Change working directory of msbuild.exe

Question

I am executing MSBuild from a batch file. The MSBuild script is in a different directory than the directory I want MSBuild to consider the working directory when running the script. When invoking MSBuild.exe, how do I change its working directory?

Edit: More details
Let's say I have an MSBuild script located on some other server. I want to run a command thusly:

msbuild.exe \\my_server\c$\My\Path\To\Scripts\TestScript.msbuild

I run that command with my command prompt at c:\temp. Let's say my TestScript.msbuild has a task to create a file. The file has no path just a filename.

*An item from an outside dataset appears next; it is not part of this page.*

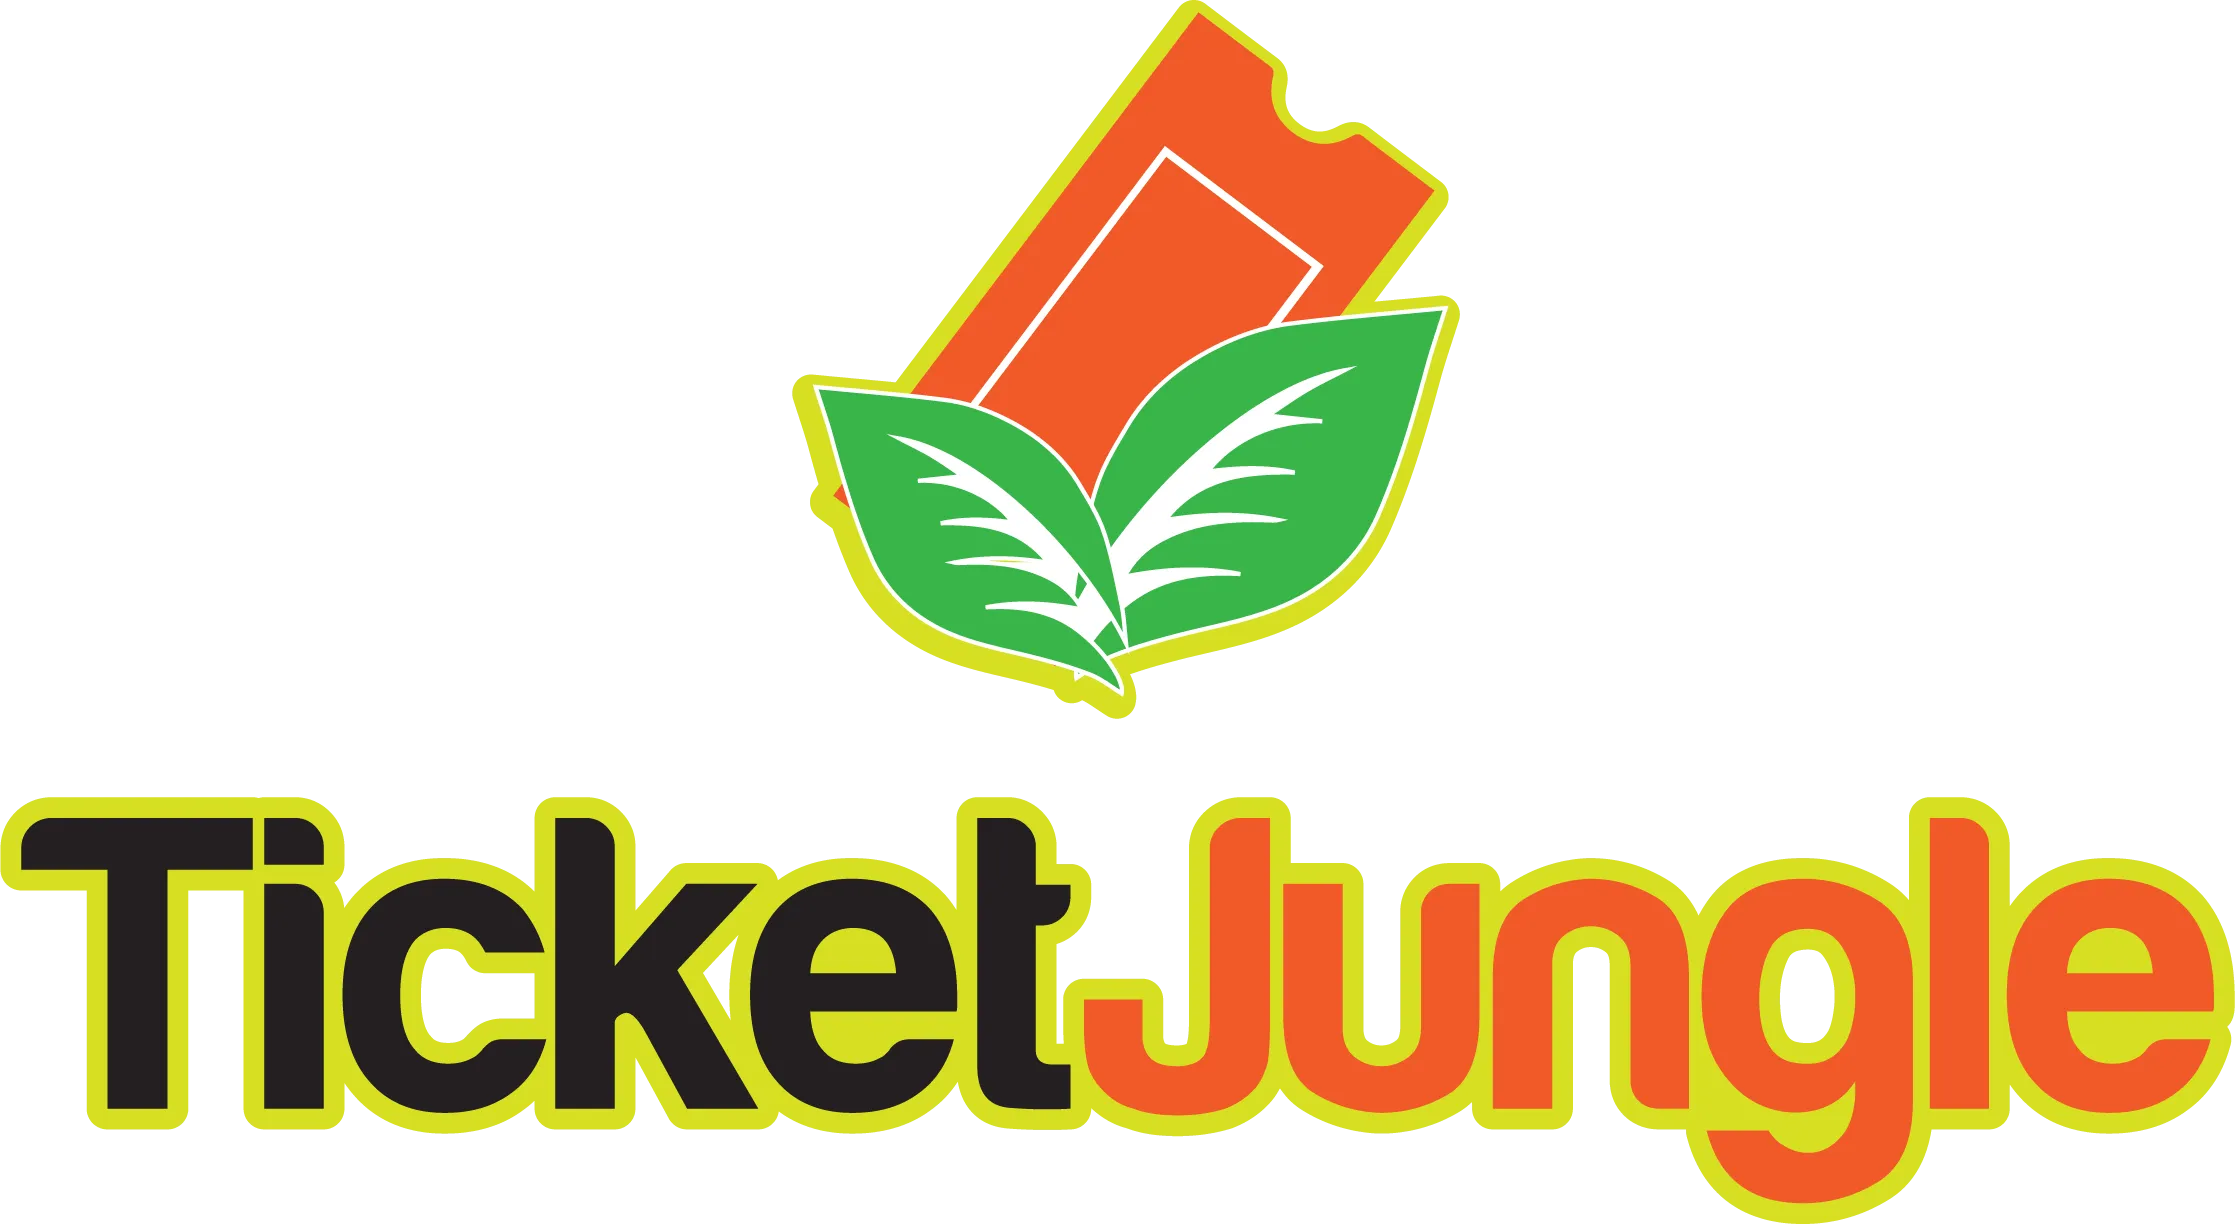 TicketJungle.com

I would expect that the file gets created inside c:\temp. But it doesn't it gets created next to the msbuild file that is sitting on the server. This is the behavior I want to change.

Edit #2
Here is the script I'm using in my test:

<Project xmlns="http://schemas.microsoft.com/developer/msbuild/2003">   
    <ItemGroup>
        <Files Include="HelloWorld.txt" />
    </ItemGroup>

    <Target Name="TouchFiles">
        <Touch Files="@(Files)" AlwaysCreate="True" />
    </Target>
</Project>

I am going into a command shell CDing into c:\temp and then executing the script. With or without the /p:OutDir switch that @Nick Nieslanik mentions, the HelloWorld.txt file appears in the folder where the *.msbuild file is and not c:\temp.

Answer 1

@jkohlhepp - I see now. You are doing the opposite of what I described in my comment to some degree.
MSBuild common targets use the MSBuildProjectDirectory to determine the output folder unless you override that. So in your case, you could run

msbuild.exe \\my_server\c$\My\Pat\To\Scripts\TestScript.msbuild /p:OutDir=c:\temp 

to force the output to be dropped in that location.

EDIT:
Given the project file above, you'd need to edit it to do something like the following for this to work:

<Project xmlns="http://schemas.microsoft.com/developer/msbuild/2003">
  <PropertyGroup>
    <OutDir Condition=" '$(OutDir)' == '' ">bin\debug\</OutDir>
  </PropertyGroup>
  <ItemGroup>  
    <!-- Without prefacing files with paths, they are assumed relative to the proj file -->
    <FilesToCreate Include="$(OutDir)HelloWorld.txt" />  
  </ItemGroup>  
  <Target Name="TouchFiles">  
     <Touch Files="@(FilesToCreate)" AlwaysCreate="True" />  
  </Target>  
</Project>  

Answer 2

I ran across this while looking for a solution to my problem. Here's my solution (build script):

<?xml version="1.0" encoding="utf-8"?>
<Project xmlns="http://schemas.microsoft.com/developer/msbuild/2003">
  <Target Name="Default">
    <Exec Command="build.bat" WorkingDirectory="..\[your dir]\" />
  </Target>
</Project>

I believe that's more what you were originally looking for?

My problem was that my batch file called another that it expected to be in the same directory, but since my ms build script was being run elsewhere, the batch file failed to find the second batch file.